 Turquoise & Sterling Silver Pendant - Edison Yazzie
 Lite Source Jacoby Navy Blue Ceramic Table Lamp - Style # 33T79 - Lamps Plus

...

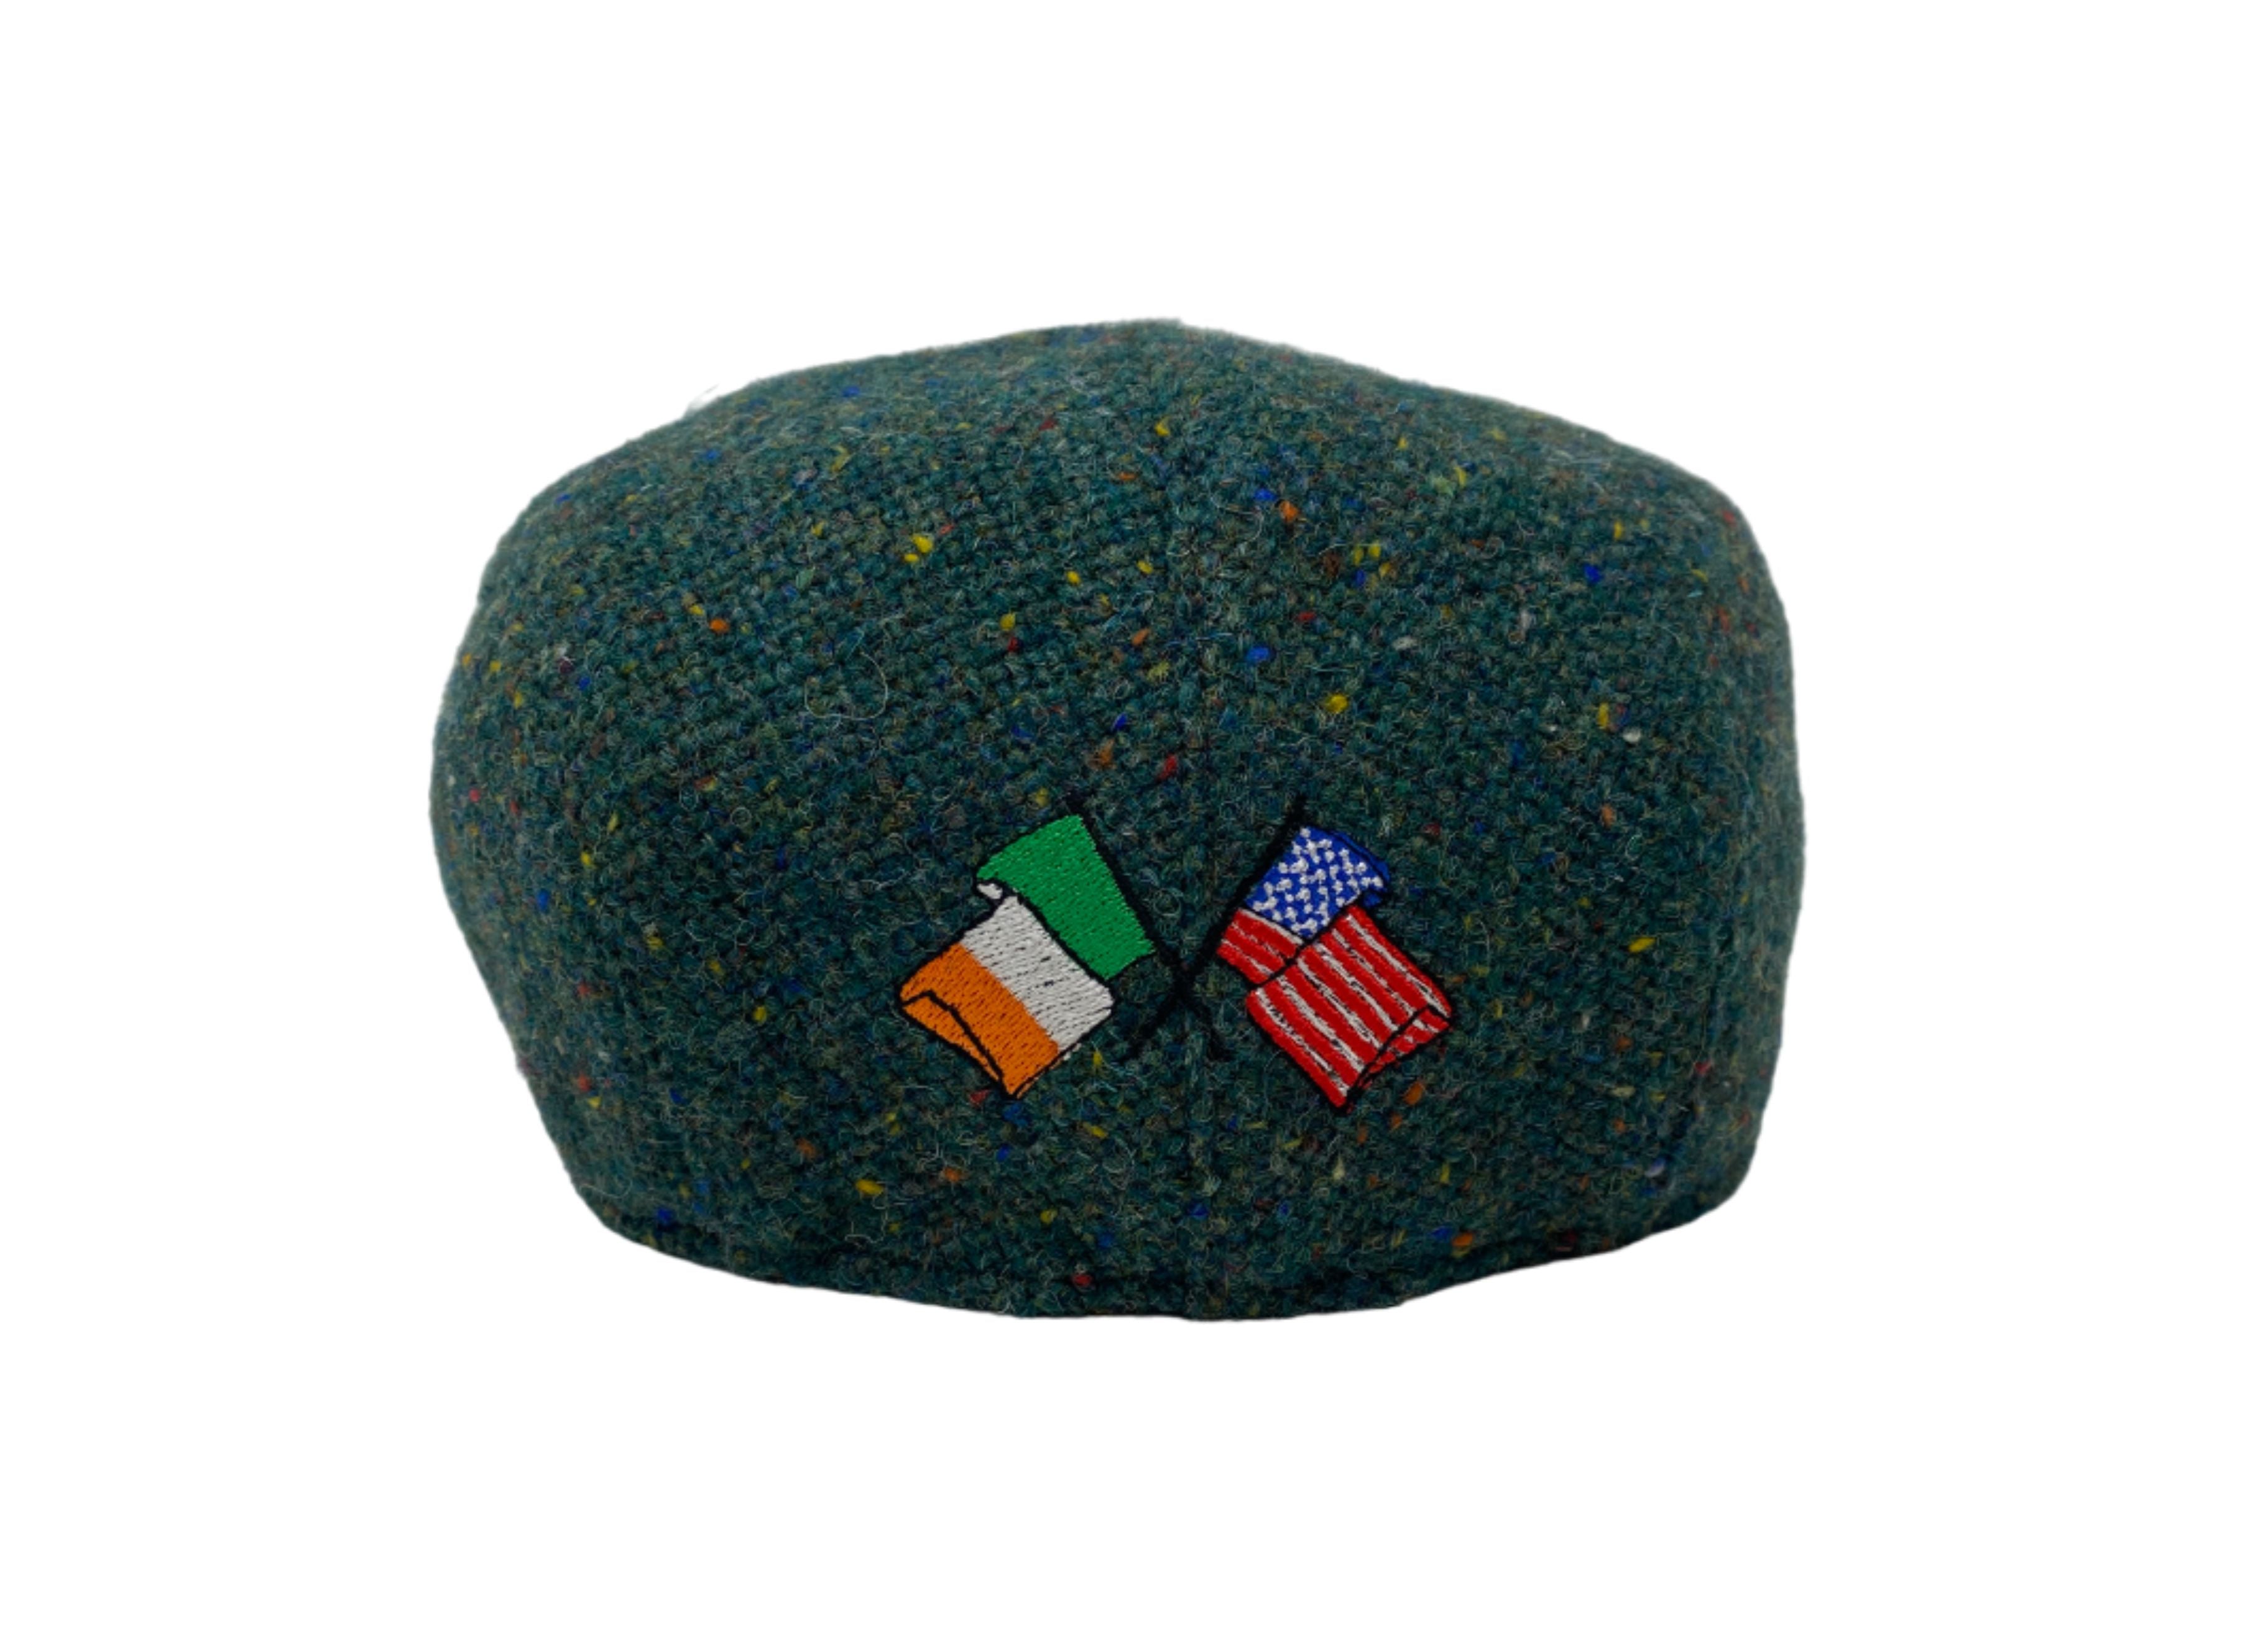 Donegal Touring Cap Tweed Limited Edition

...

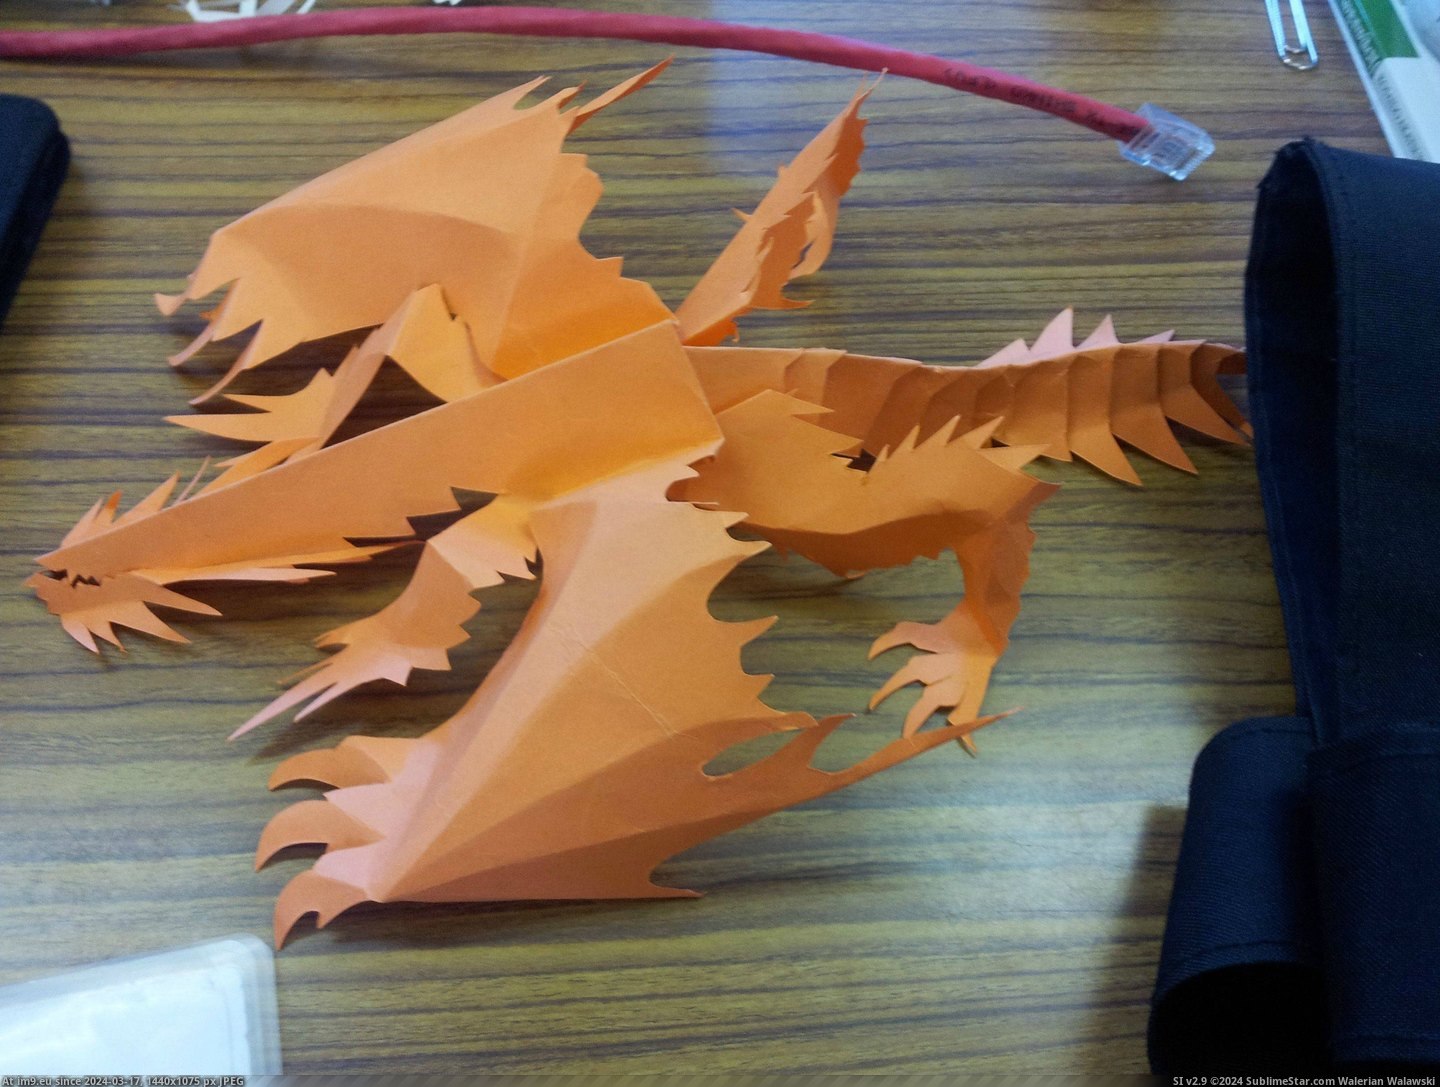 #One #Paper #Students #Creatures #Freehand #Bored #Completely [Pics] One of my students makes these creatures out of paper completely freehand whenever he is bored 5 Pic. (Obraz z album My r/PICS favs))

• _EXERCISE BRIEF_
Extract exactly and only the lines above from the line containing "Turquoise & Sterling" through the line containing "Lite Source Jacoby", both end lines included.

• _RESPONSE AREA_
 Turquoise & Sterling Silver Pendant - Edison Yazzie
 Lite Source Jacoby Navy Blue Ceramic Table Lamp - Style # 33T79 - Lamps Plus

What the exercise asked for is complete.